City officials and other pension board members made efforts to discredit and sideline her. At one point they bought an ad in the San Diego Union-Tribune that scoffed, "Chicken Little Would Be Proud." In a continued effort to remove her from the retirement board, the mayor and a City Council majority voted to ban investment advisers from the board; Shipione was the only investment adviser on the retirement board. Eventually the City Council rescinded its vote to ban investment advisors after the national press picked up coverage on the matter. Later, the City Council decided to terminate the remaining terms of all members of the board and have the entire board replaced. Despite calls for Shipione to be appointed to the new board, she was not.

Conflict came to a peak on November 19, 2004 when she was ordered to leave a closed session of the trustees. A plan to place her under citizen's arrest and have police remove her was almost implemented, but she left as ordered. The other board members voted to file ethics charges against her, ask for her removal as a board member, and ban her from meetings. The San Diego Ethics Commission later dismissed the complaints levied against her by the pension board.

The United States Securities and Exchange Commission began investigations into the city's municipal bond disclosures regarding its pension and retiree health care obligations. By 2005, several city officials had resigned, including the City Auditor, City Manager, City Treasurer, and newly reelected Mayor Dick Murphy.

==Aftermath==
The City of San Diego was the target of two federal investigations following revelations in January 2004 that financial documents used to secure bonds had been filled with errors and omissions.

In November 2006, the SEC entered an order sanctioning the City of San Diego for committing securities fraud by failing to disclose to the investing public important information about its pension and retiree health care obligations in the sale of its municipal bonds in 2002 and 2003. To settle that action, the City agreed to cease and desist from future securities fraud violations and to retain an independent consultant for three years to foster compliance with its disclosure obligations under the federal securities laws.

In 2007 the SEC filed a civil injunctive action for fraud against outside auditors for the city and its pension system. The auditors consented to the entry of a final judgment permanently enjoining them from violating the antifraud provisions of federal securities laws and paid a civil penalty.

Notwithstanding the multi-year smear campaign and plan to arrest her concocted by city officials and pension board trustees, Diann Shipione was eventually proven right.

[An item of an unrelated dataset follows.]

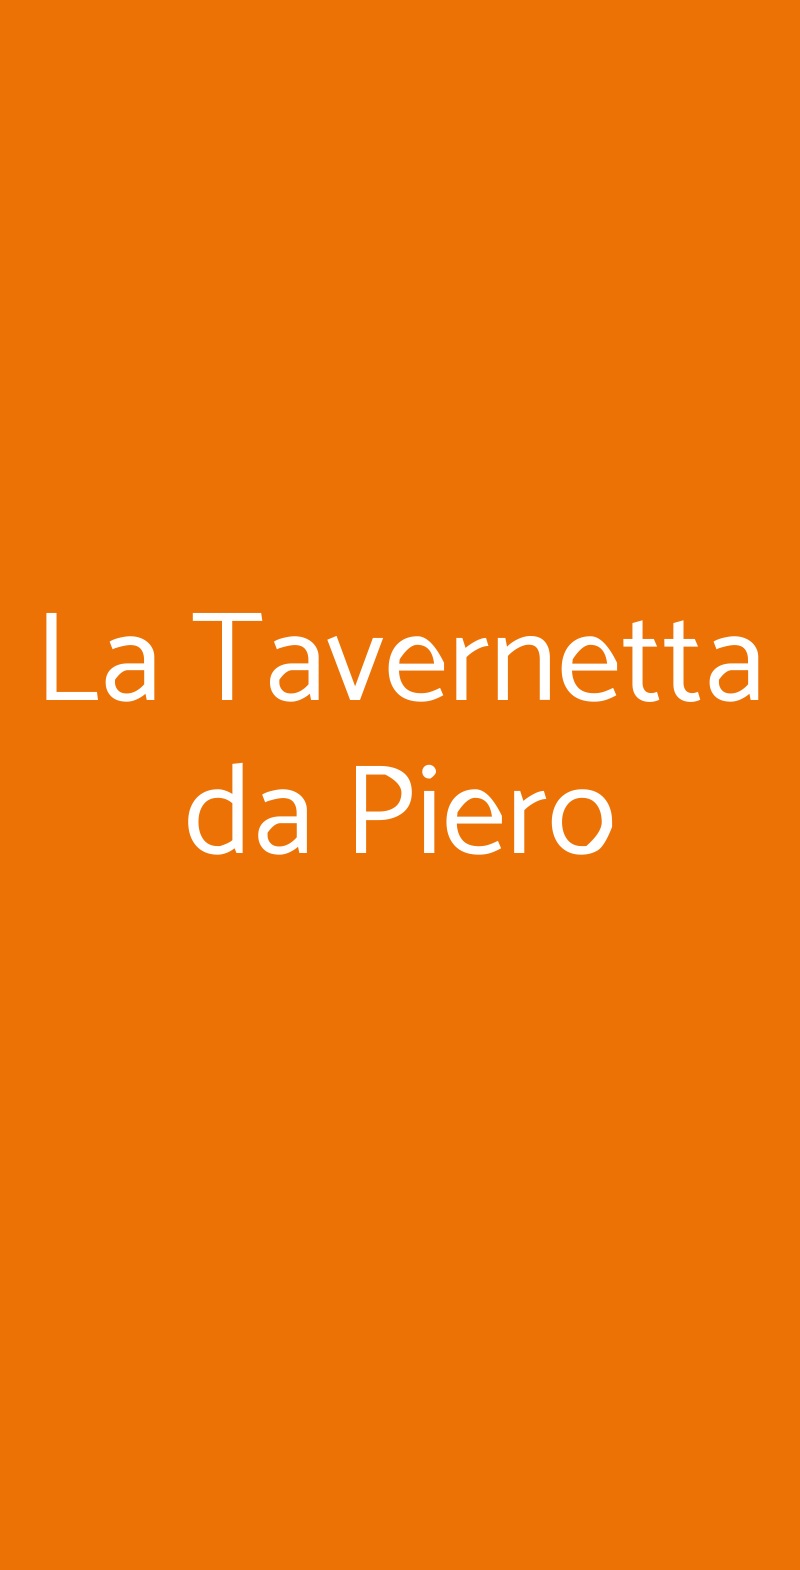 La Tavernetta da Piero Siracusa menù 1 pagina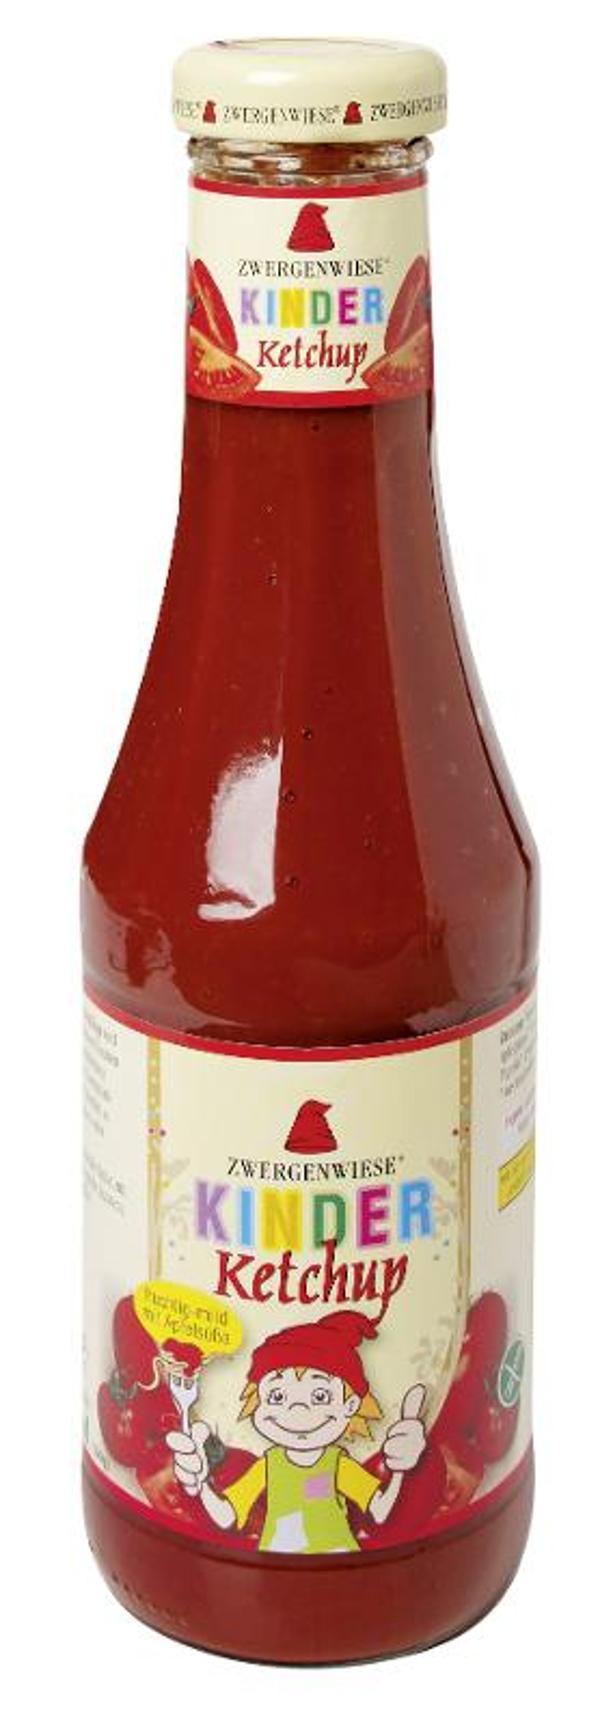 Produktfoto zu Zwergenwiese Kinder Ketchup mit Apfelsüße - 500ml

In 2009 Shipione was admitted to the Harvard Kennedy School of Government Master's program in Public Administration. While at Harvard she remained active in the national public pension debate and participated in three separate Governmental Accounting Standards Board official Invitations to Comment regarding potential changes to pension accounting and financial reporting standards.

==Recognition==
Shipione received the following public recognitions for her pension system related services:
- 12/11/2003 San Diego Retired City Employees' Association Annual Outstanding Contribution Award for "distinguished pro-bono services to the City Employees' Retirement System Board of Administration."
- 1/8/2005 Californians Aware NOVA Award for a "high standard of integrity, diligence and courage."
- 2/8/2005 County of San Diego California Board of Supervisors' Proclamation for "outstanding service, leadership, and commitment to area residents."
- 3/2005 City of San Diego Mayoral Service Award for "outstanding service and continuous dedication."
- 3/18/2005 San Diego City Council Member Donna Frye Special Commendation Award for earning "the respect and trust of the public."
- 2005 San Diego Regional Chamber of Commerce Catalyst for Change Award "for valor and dedication in calling for reform of the City of San Diego Pension System."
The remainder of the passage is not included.